This was the third installment in the Dracula franchise. Unlike the second, Dracula’s Daughter, there is not much striving to be unique. The bloodthirsty count had already been killed off, and done in such a way that he could not return. That was the admirable decision I blogged about in the last review. However, the filmmakers realized they needed to bring him back. So what do they do? Come up with a Son of Dracula, played here by Lon Chaney Jr. The result is a similar story to the original, only it is set in the bayous of the deep south as the count attempts to control a woman he falls in love with.

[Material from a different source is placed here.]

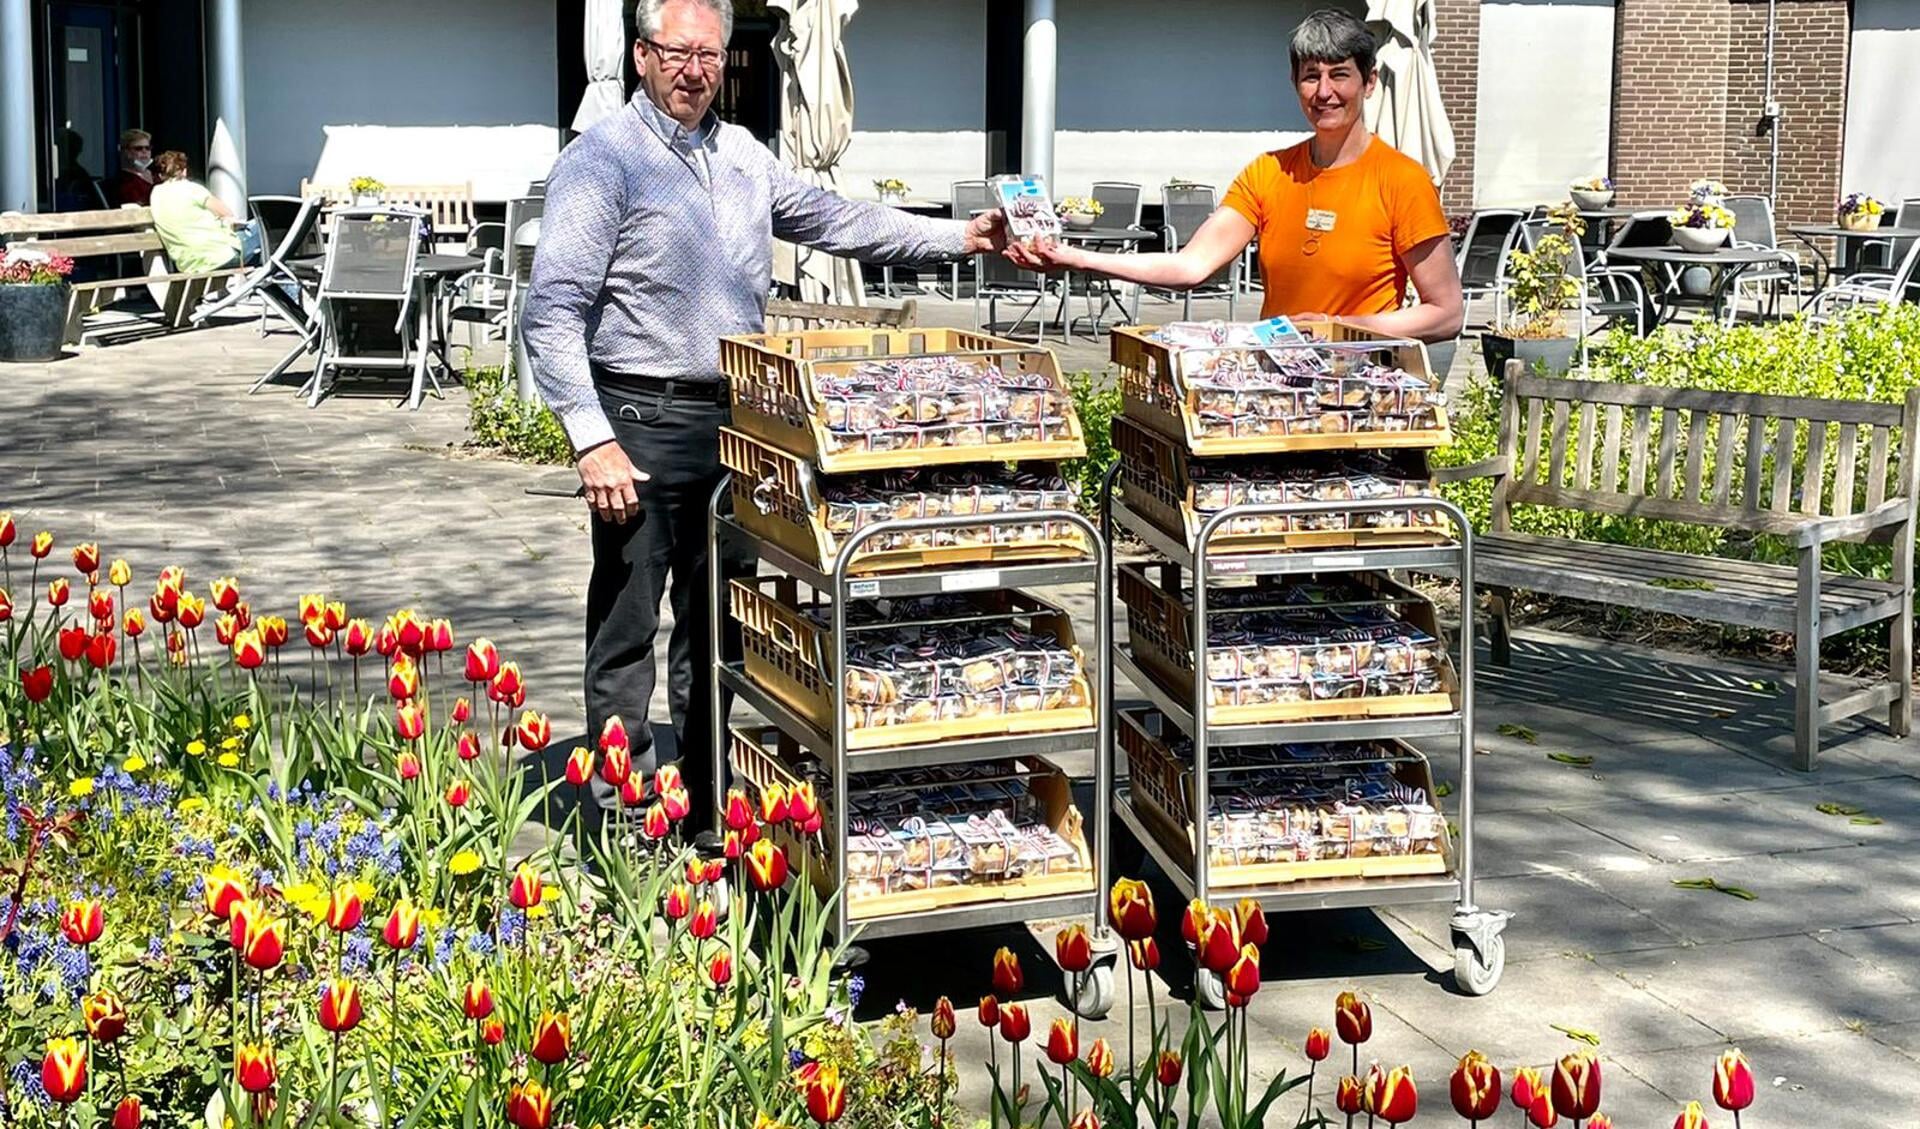 Rotaryclub Monnickendam deelde koekjes uit op Koningsdag aan de medewerkers van Swaensborch. "Een blijk van waardering voor hun inzet."

The new vampire’s name is Count Alucard. In one cringe-inducing moment, a character who senses something is not right blurts out, “Alucard is Dracula spelled backwards!” Such an ambigram is as creative as Son of Dracula gets. One thing that is not clear is, who is this Count? As the title and early part of the movie suggests, it would be Dracula’s actual son. By the end of the movie, he is portrayed as being Dracula incarnate. It does not really matter, and neither notion would affect the outcome or the overall plot.
Normally, this is where I would summarize the film in question in greater detail. But here, there is no need. It’s Dracula running around biting and seducing, whilst everyone and their mother is out to destroy him. The only remarkable thing about Son of Dracula is the performance of Lon Chaney Jr. I can’t stand the mustache, but his tall and imposing physique is something which would set a trend for future Counts. Bela Lugosi, in all his glory, was delicate and almost fragile. He was dapper and suave. Chaney is tall, strapping, and powerful. He is full of an underlying anger. It’s not quite the rage and tenacity of Christopher Lee, but I cannot help but feel Lee was indeed influenced more by Chaney than any other portrayal of Count Dracula. 5.5 out of 10 stars.
Also starring Robert Paige, Louise Allbritton, Evelyn Ankers, and Frank Craven. Directed by Robert Siodmak.